И Ягода «посматривал». В 1934 году Каменева арестовали, в 1935 году судили, дали 5 лет. В этом же году – вновь судили: срок увеличили до 10 лет. В конце 1936 года поставили точку. Вечную.

Вскоре после расстрела Каменева Сталину попала в руки книжка «Н.Г. Чернышевский», написанная расстрелянным сотоварищем Кобы. Сталин долго листал томик (один из первых в серии «Жизнь замечательных людей»), внимательно читал оглавление, отдельные страницы. Вспомнил, как Каменев, когда они тряслись в феврале 1917 года в поезде от Ачинска к Петрограду, рассказывал о Плеханове, Мартове, Аксельроде, меньшевистской эмиграции, их вражде к Ленину, делился планами, пребывая в настоящей эйфории от свершившегося. Положив книжку на стол, Сталин мог подумать: «Суета сует». Все проблемы для Каменева теперь отпали, а ему столько предстоит их решить!..
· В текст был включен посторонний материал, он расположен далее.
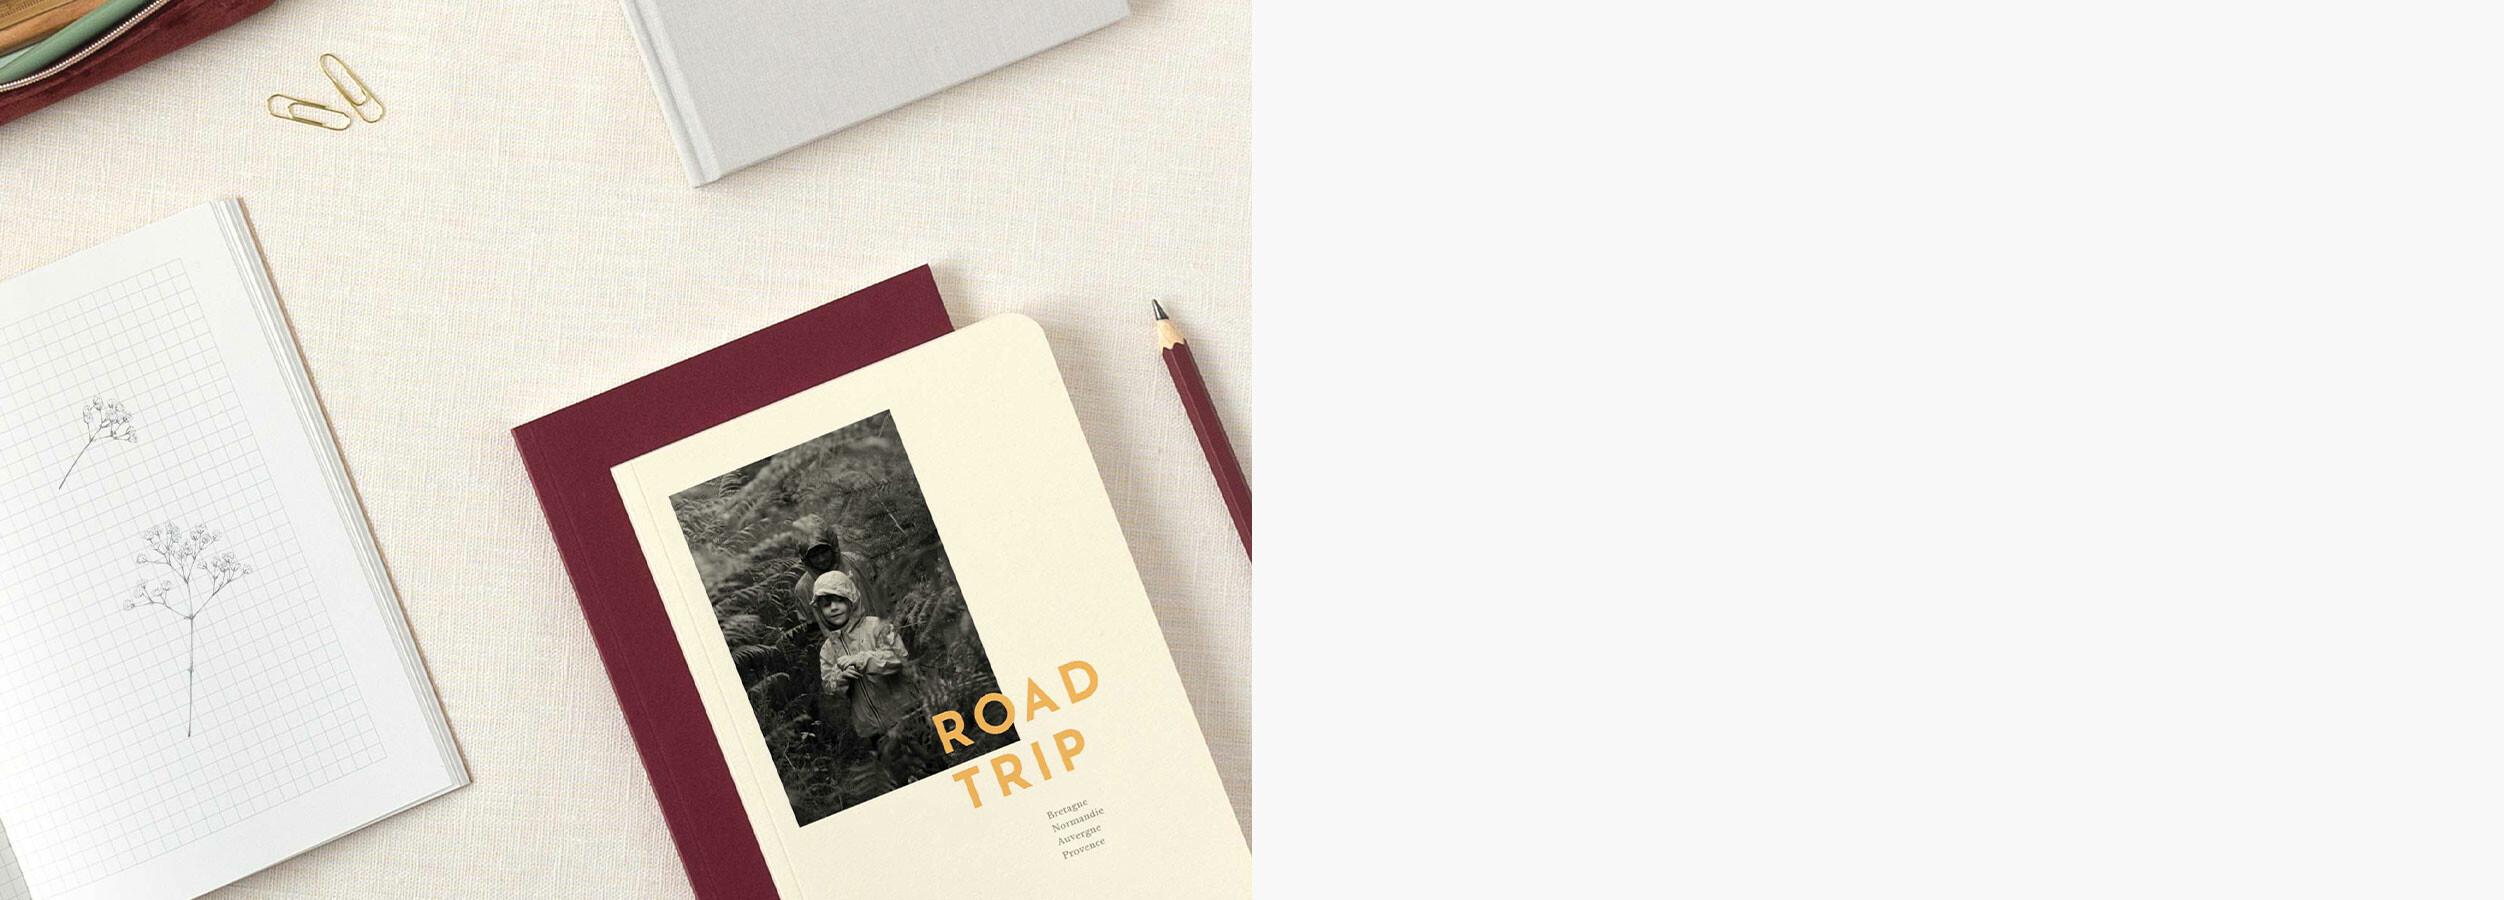 Notizbücher Rosemood

А пока Зиновьев и Каменев, полагал Сталин, были ему нужны для борьбы с Троцким, которого он считал главным противником, и своим, и партии.

Сталин быстро проявил себя неплохим администратором. Выполняя свои обязанности, он внимательно присматривался прежде всего к членам Политбюро, другим авторитетным товарищам из ЦК. Для себя он отметил, что самую влиятельную часть ядра составили те, кого он про себя называл «литераторами». Так он именовал бывших эмигрантов. Он не мог не признать для себя, что все они отличались высокой интеллектуальностью, теоретической подготовленностью, общей эрудицией. Это вызывало у Сталина внутреннее раздражение: «Пока мы тут готовили революцию, они там читали да писали…»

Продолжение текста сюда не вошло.